Hadis Pilihan

Kebolehan Syirkah

يقولُ عَزَّ وَجَل: أنا ثالِثُ الشَّرِيكَيْنِ مَا لَمْ يَخُنْ أَحَدُهُمُا صَاحِبَهُ، فَإِذَا خَانَ خَرَجْتُ مِنْ بَيْنِهِمَا

Allah ‘Azza wa Jalla berfirman, “Aku adalah Yang ketiga dari dua orang yang bersyirkah selama yang satu tidak mengkhianati yang lainnya.

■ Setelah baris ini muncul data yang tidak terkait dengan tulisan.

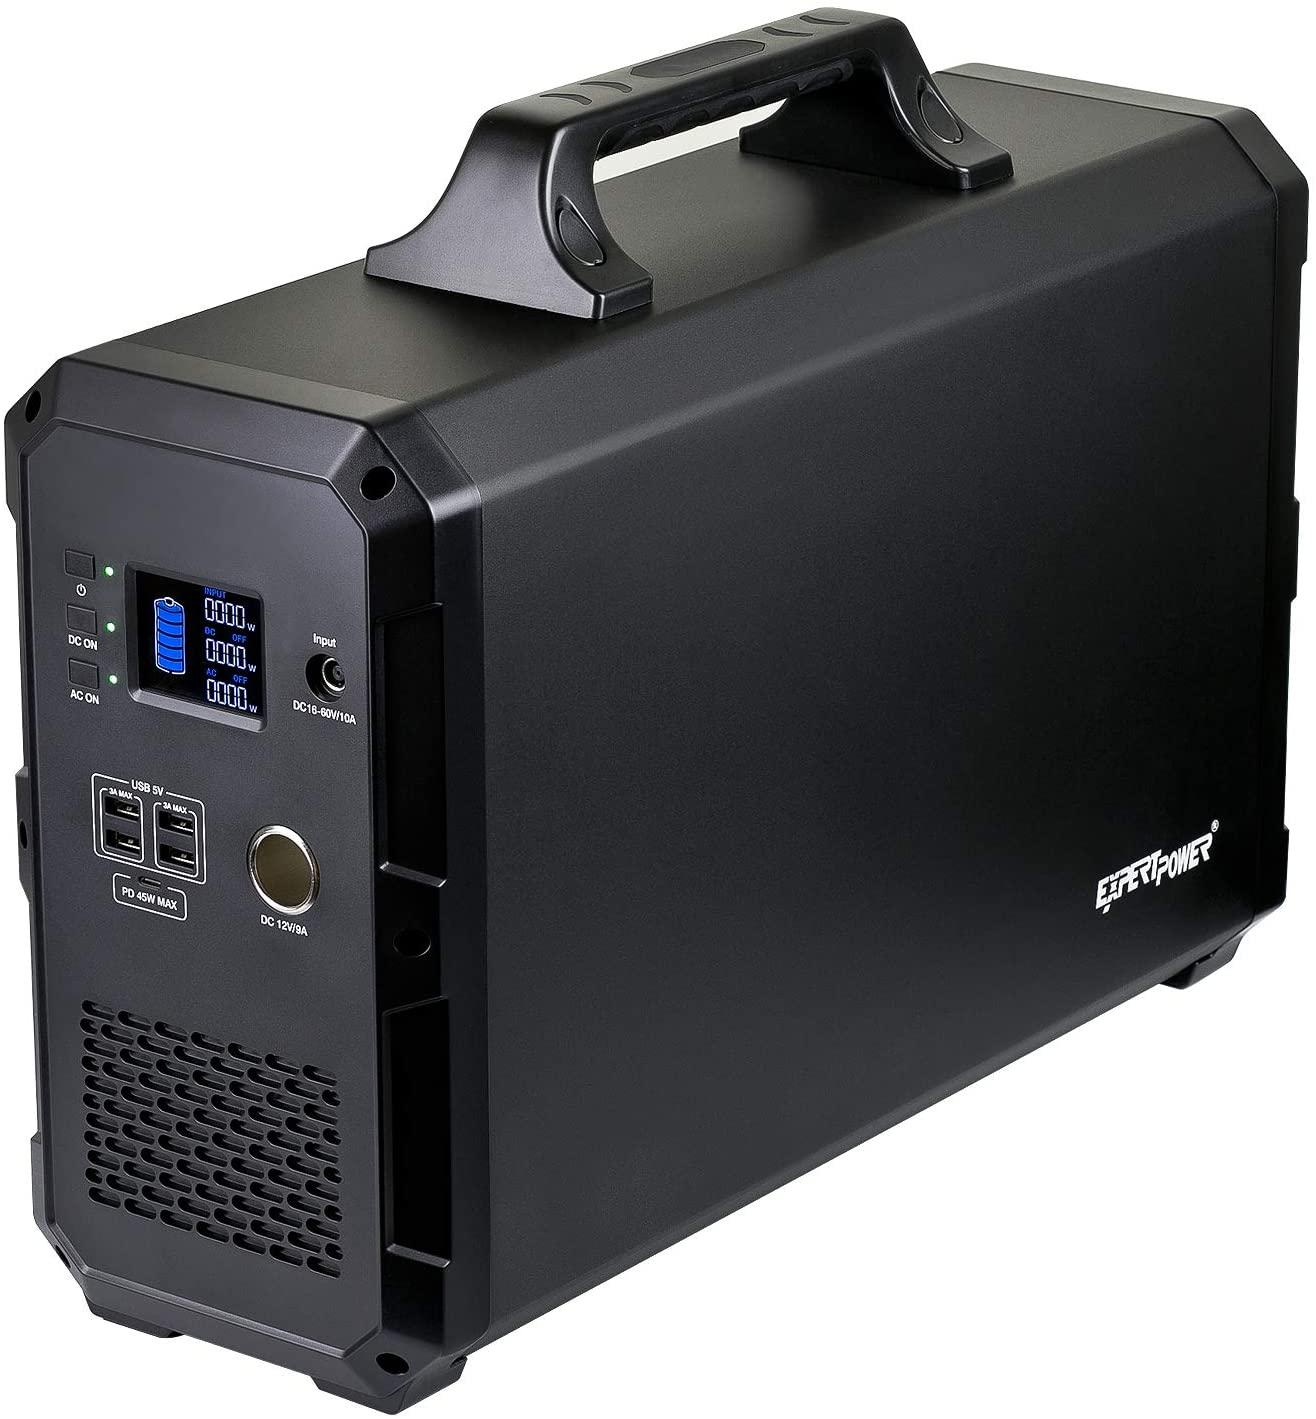 ExpertPower Alpha 2400 Lithium Portable Solar Generator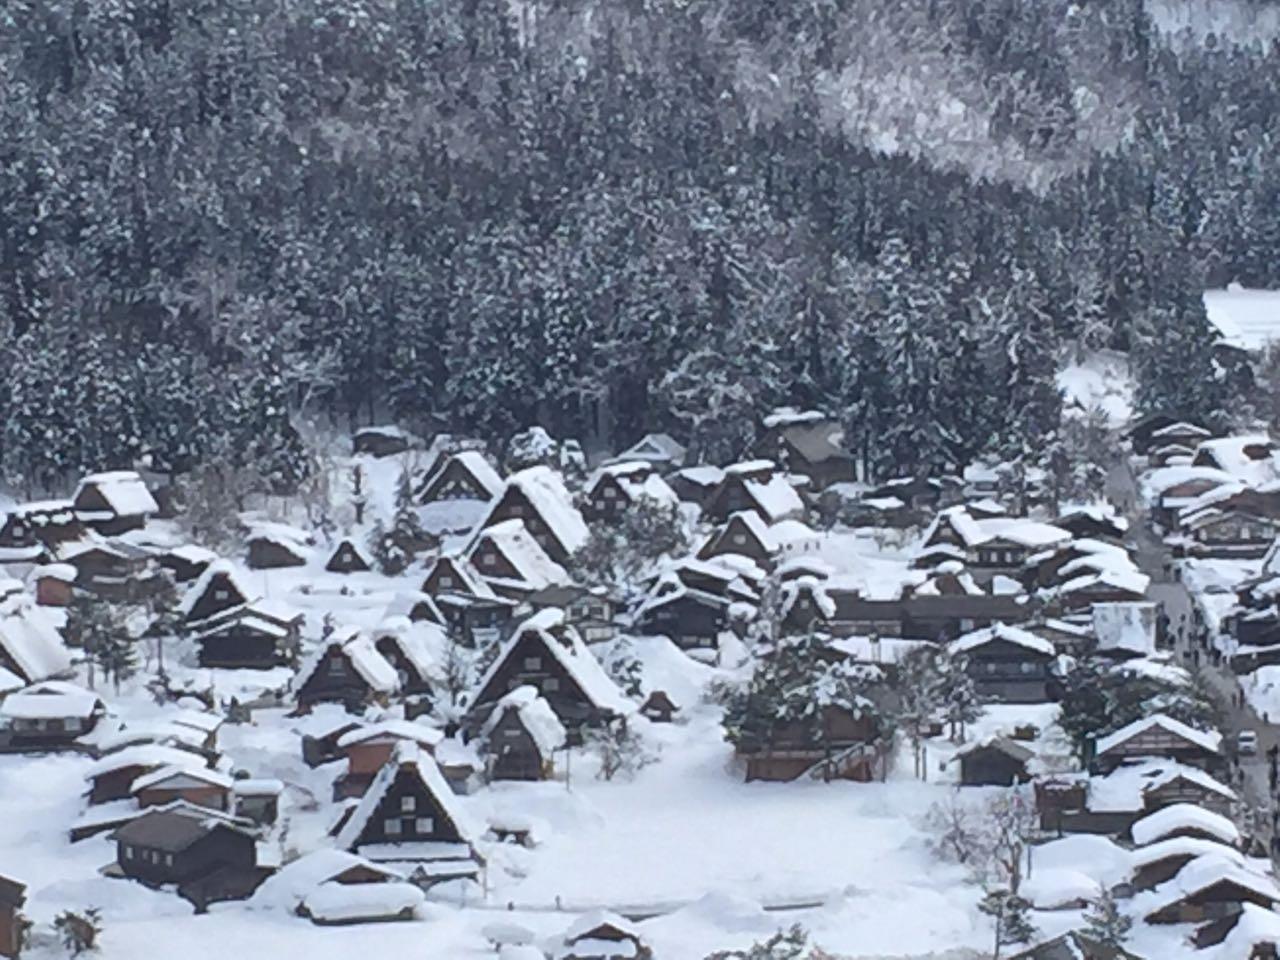 טיול חורף ליפן - מסע בארץ הפיות

Jika dia berkhianat maka aku keluar dari keduanya.” (HR Abu Dawud no. 3383, ad-Daraquthni no. 2933 dan al-Hakim no. 2322).

 

Hadis ini juga diriwayatkan oleh Imam al-Baihaqi di dalam Sunan al-Kubrâ no. 11424, Sunan ash-Shughrâ no. 2104 dan Ma’rifah as-Sunan wa al-آtsâr no. 11397; oleh Muhammad Abu Thahir al-Mukhalishi (w. 393 H) di dalam Al-Mukhallishiyât no. 1566; dan oleh Muhammad Abu Bakar Qadhi al-Maristan (w. 535 H) di Ahâdîts asy-Syuyûkh ats-Tsiqât (al-Masyaykhah al-Kubrâ) no. 242.

Imam al-Hakim berkomentar, “Ini adalah hadis shahîh al-isnâd meski beliau berdua (al-Bukhari dan Muslim) tidak mengeluarkannya.”

Al-Hafizh adz-Dzahabi di dalam At-Talkhîsh berkomentar: (hadis ini) shahih. Imam Abu Dawud di dalam Sunan Abû Dâwud tidak berkomentar: Hal itu mengindikasikan hadis itu hasan menurut beliau.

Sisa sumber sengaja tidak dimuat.